The uniform went downstairs while Tallow sat on the floor with his back to the wall, dismissing the CSU complaints with a finger. That’d come back to bite him later, he knew. CSUs loved to complain, and if he didn’t listen, they’d find someone who would.
Then again, maybe he’d earned a pass today.
Tallow sat and thought about his partner for a while. Thought about never having met his wife. Having actively avoided it, if he were honest. Remembered feeling relieved that Jim and his wife had gotten married on vacation, so he couldn’t and therefore didn’t have to attend the ceremony. Tallow had decided, after the one time he’d had to crush a stranger with the news that her husband had died on duty with three big bullets in his gut, that he couldn’t be married. He didn’t want to stand at a wedding and think about being married. He didn’t want to sit at Jim Rosato’s table and think about being married.
The uniform had found another uniform, and together they had unhappily carried the ram upstairs, blistered black paint over blue metal.
Tallow stayed on the floor and hitched his thumb at the door.
The uniforms put the ram to the door. It bent and held. They looked at each other, swung back harder, and drove the ram in again. Wood splintered, but the door stood.
Tallow got up. “Take out the wall.”
“You sure?”
“Yeah. It’s on me. Take it out.”
The ram crushed the wall in. A few dull thumps sounded from within. The CSUs cursed their mothers for the dust the strike kicked out. Three more short swings made a hole big enough for Tallow to step through. Two more dull thumps. He twisted on the borrowed flashlight and passed it around slowly.
The room was full of guns.
Guns were mounted on all the walls. There were half a dozen guns at his feet. Turning around, flashlight at shoulder level, he saw that guns were mounted on the wall he had come in through. Some guns were mounted in rows, but the right-hand wall had them in complex swirls. Some were laid on the floor on the far side of the room, forming a shape he couldn’t quite fathom. There was paint daubed on those.
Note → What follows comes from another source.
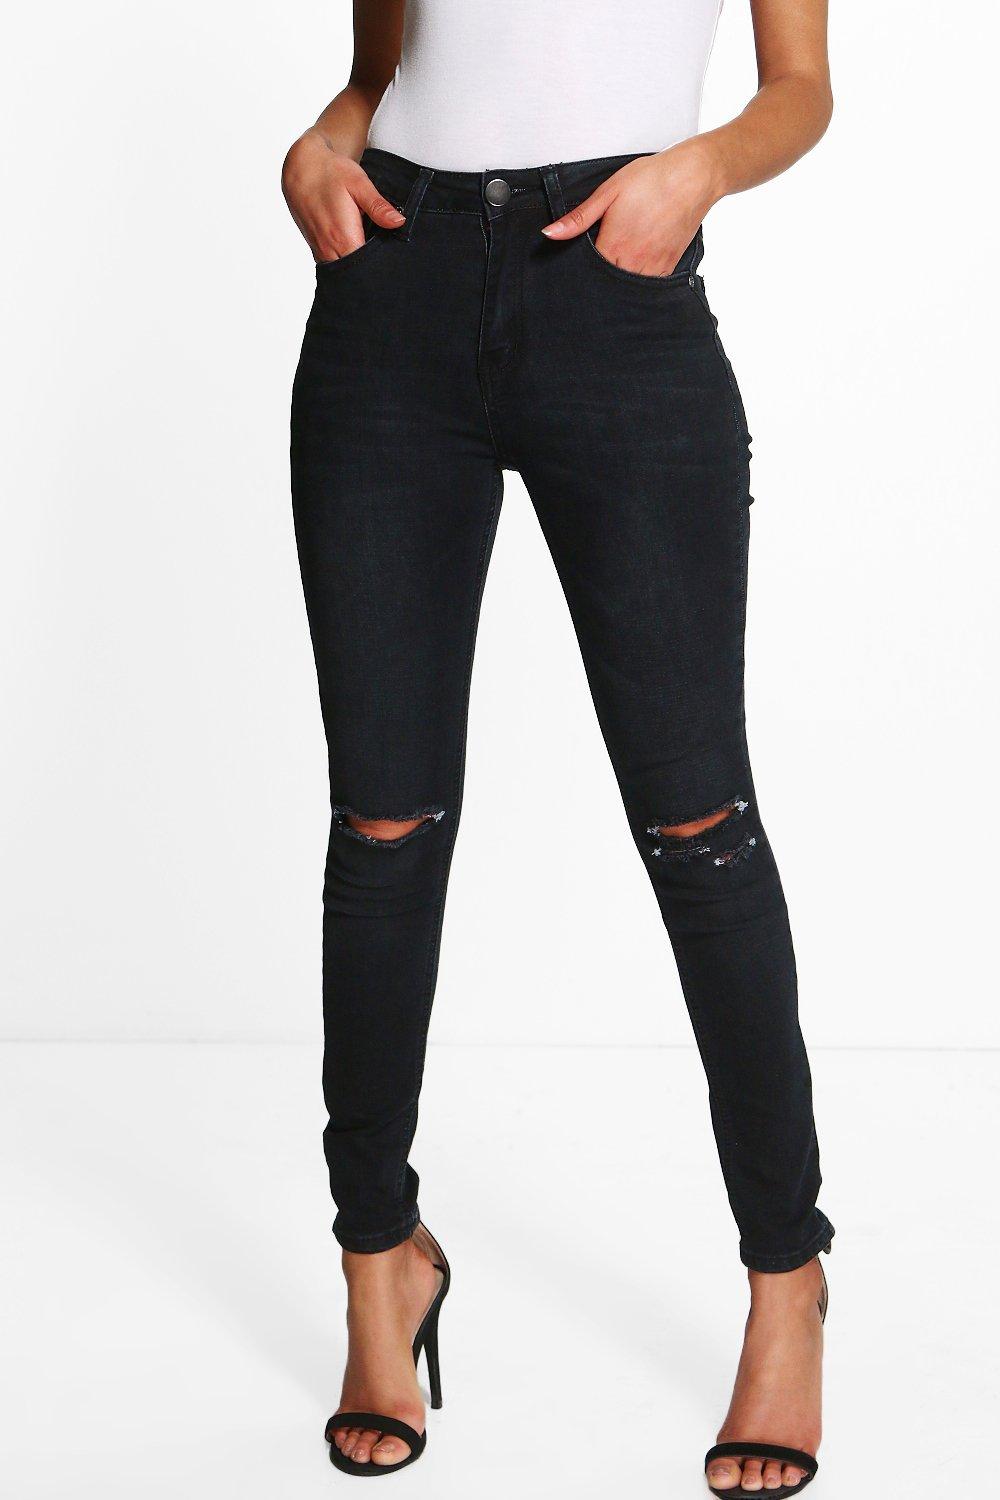 petite high waisted jeans black

There were scents he couldn’t place. Incense, perhaps. Musks. Fur or hide.
Rippling patterns of gunmetal, from floor to ceiling. In the stale, faintly perfumed air of the room, Tallow felt almost like he could be in a church.
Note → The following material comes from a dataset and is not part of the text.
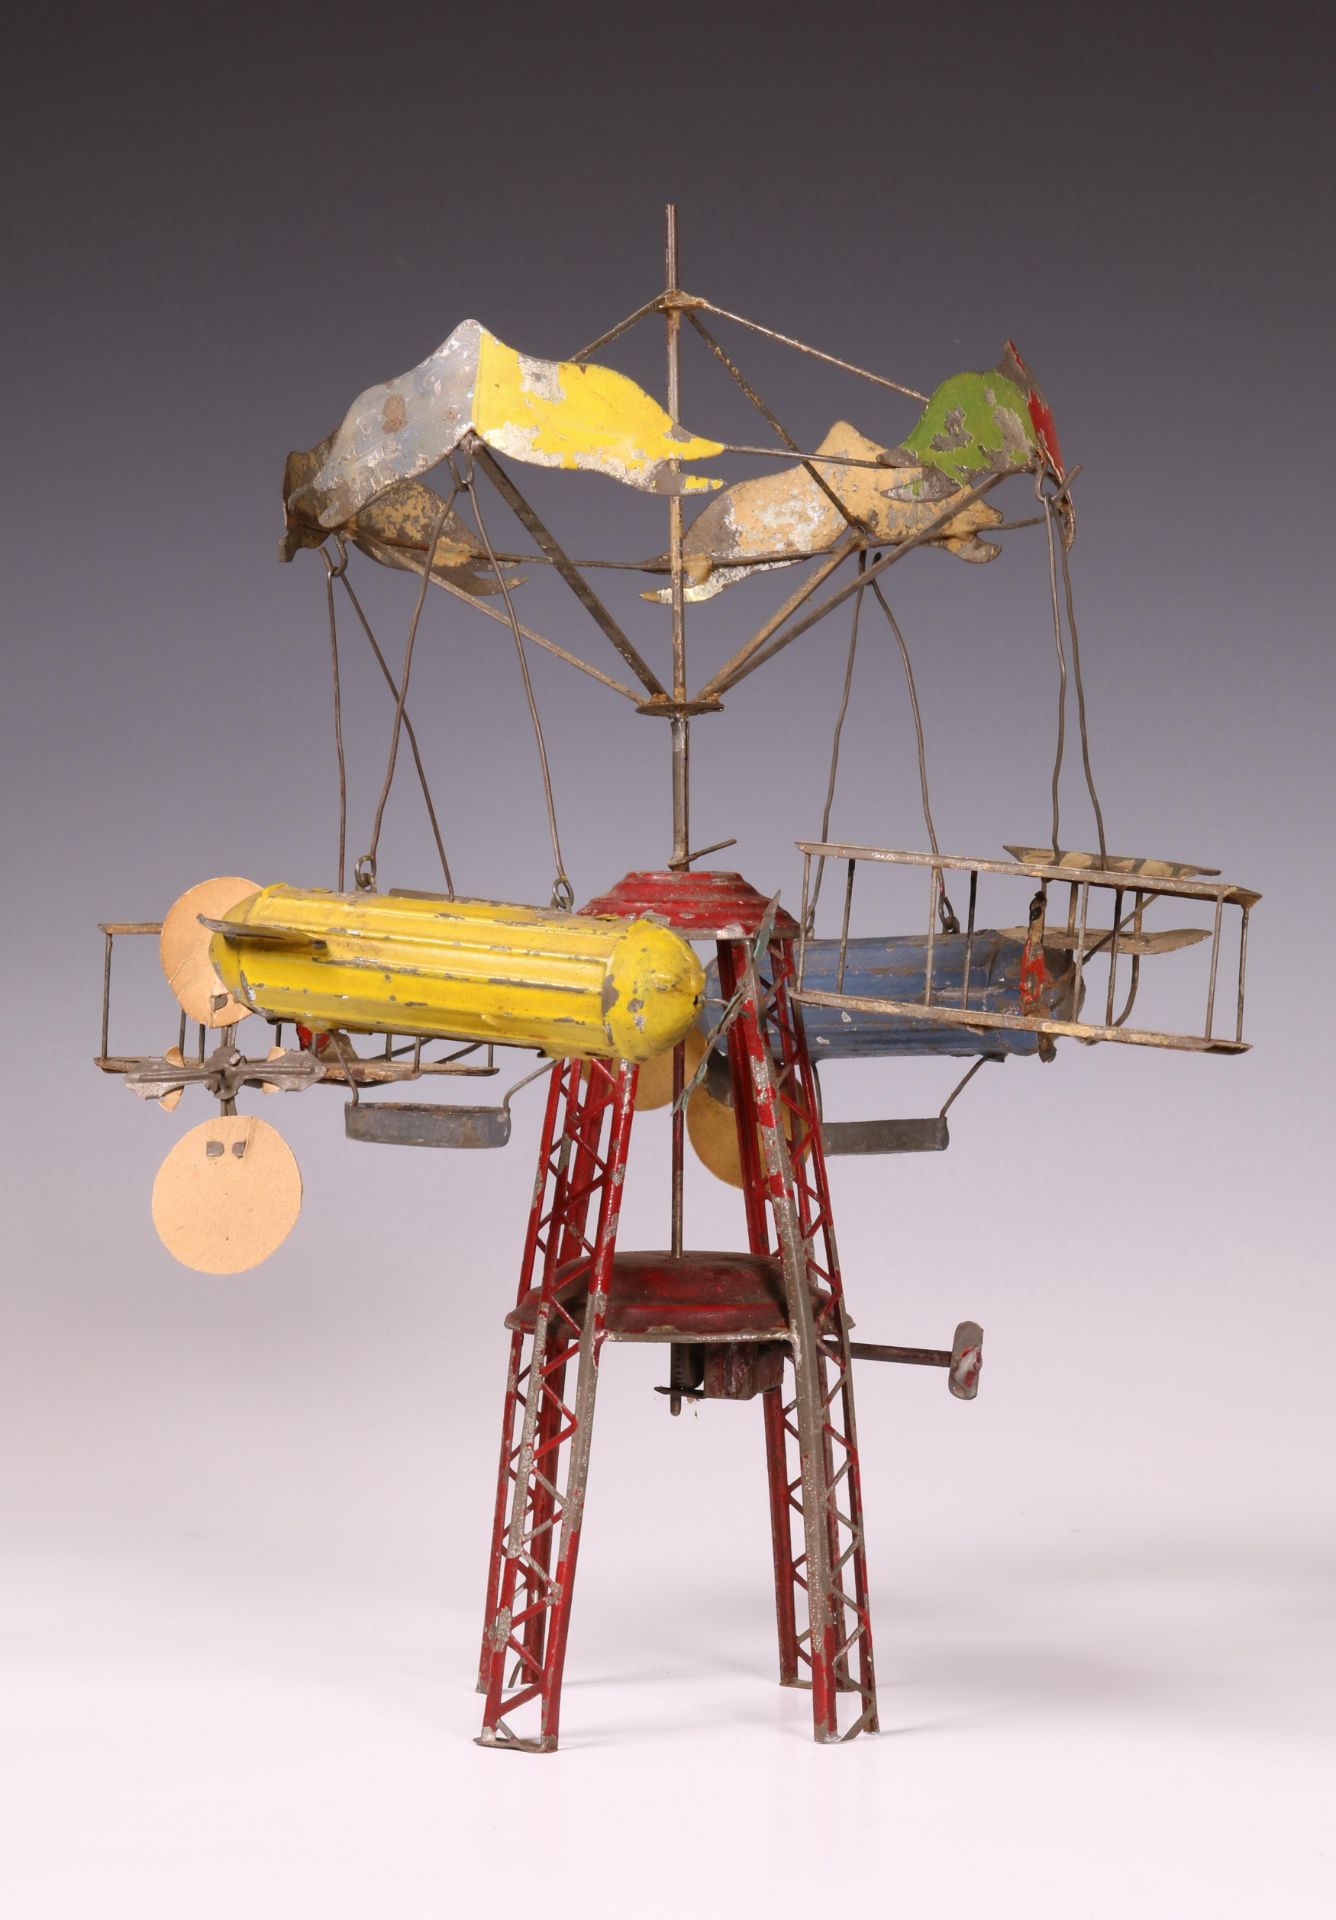 Duitsland, carrousel met vliegmachines, ca. 1900

Nobody was in the apartment but him. He pointed the flashlight at the door. The door was reinforced with sliding metal bars and heavy locks. There was the red flicker of an LED on one of the locking devices. Tallow couldn’t figure out how anyone could get into this apartment by way of the door, but he could see that a ram wasn’t going to do it.
Tallow carefully stepped through the apartment, checking all the rooms without touching anything.
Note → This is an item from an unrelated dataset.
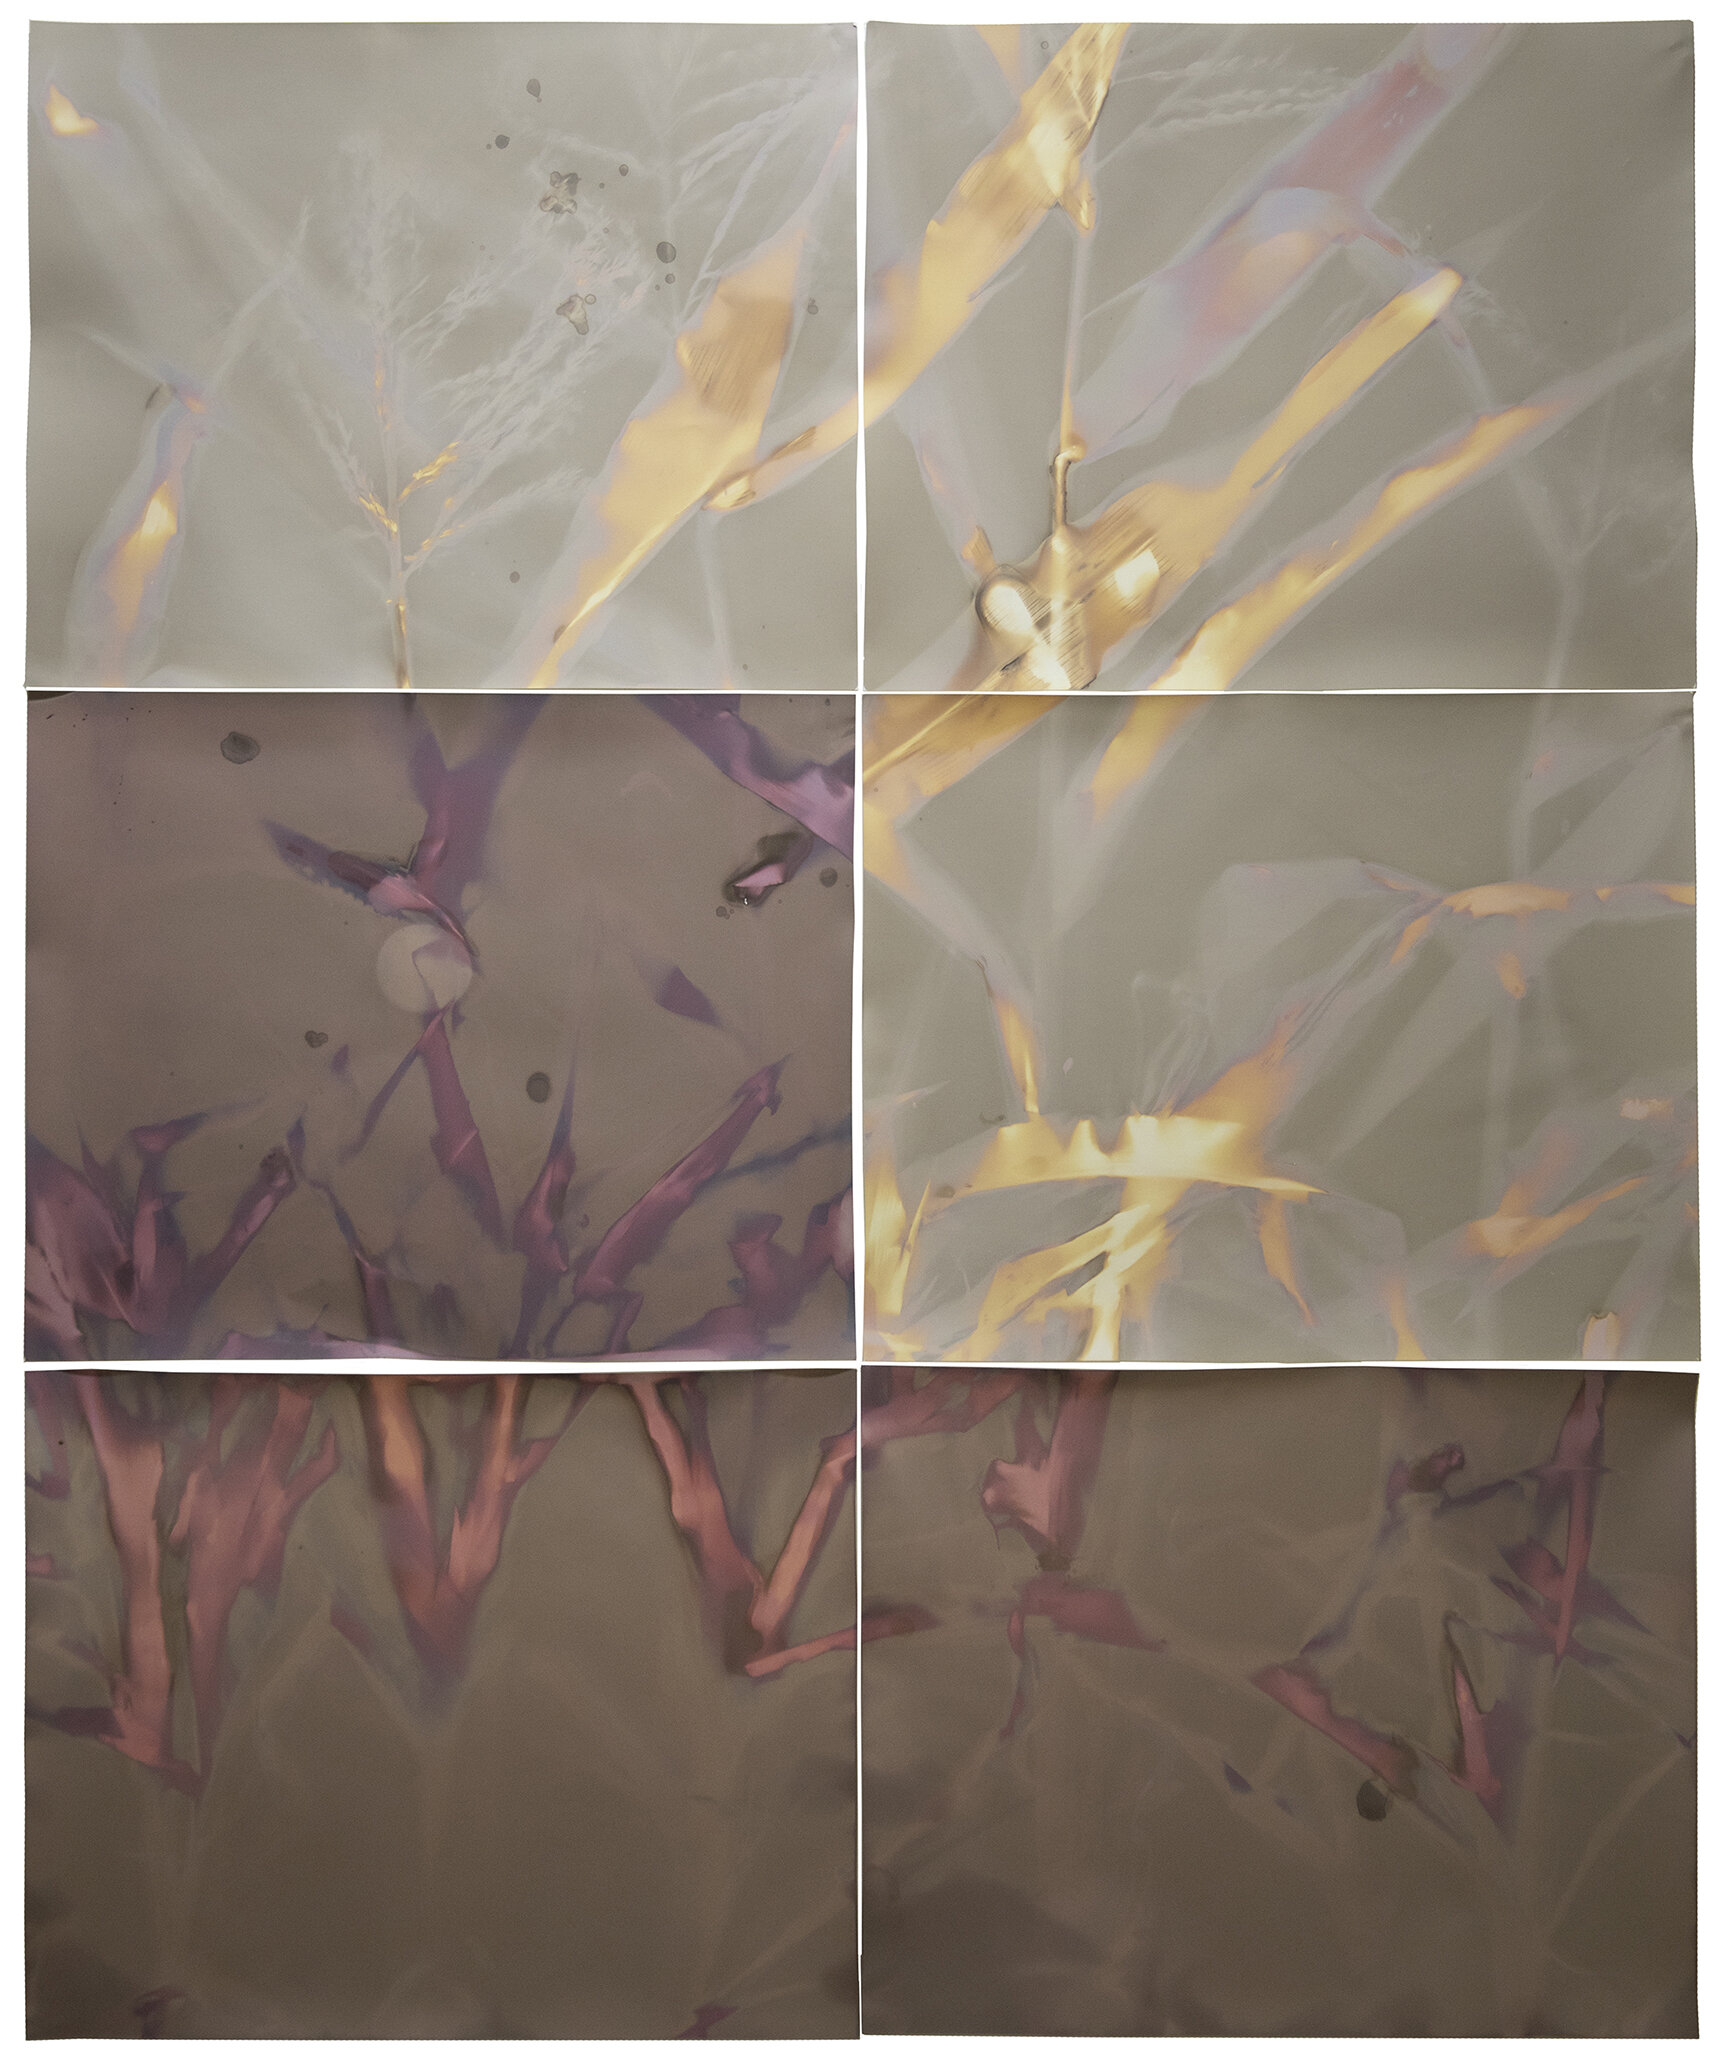  cornfield #4 2019  40” x 48”   lumen prints

There were guns in all the rooms.
In the back room, there was a gap between the heavy curtains covering the sole window. A single shaft of light fell through the gap into the small gun-encrusted room. Dust motes hung in the still beam. Tallow stood for a moment without breathing. Left the room slowly and silently.
Tallow almost smiled as he put his head back out through the hole, pointed at a CSU, and said, “Got something for you.”
THE SITUATION at the apartment building quickly boiled into rolling chaos. When uniforms started jostling with a few co-opted detectives during the recanvassing of the occupants about apartment 3A, Tallow took the opportunity to slide downstairs.
The sun was already behind the long chromed arms of the financial district. He looked at the pale sky and wondered for a moment where the day went. He got in the car. It felt empty even when he sat in the driver’s seat. Tallow nosed the car out into the thickening traffic and pushed east, back into the deep of the 1st Precinct.
Fifteen minutes later, he was parked outside his favorite coffee shop, the one with tables on the sidewalk and nobody to complain about smoking. He bought a pack of cigarettes and a disposable lighter from the place on the corner, sat at a metal table with a tall sleeved-cardboard cup of venomously dark coffee, lit up with hands that were not yet shaking, and began the effort to shift out of automatic and let the world back in.
Letting the world back in by stages. Letting himself become aware of that slight pinch in his suit jacket, under the arms. This was the only suit jacket he’d had cut to accommodate his shoulder holster, which meant he’d gained some weight across the chest. As he shut his eyes for a moment, he could feel little points of tightness on his scalp. Spots of dried blood stuck to his skin.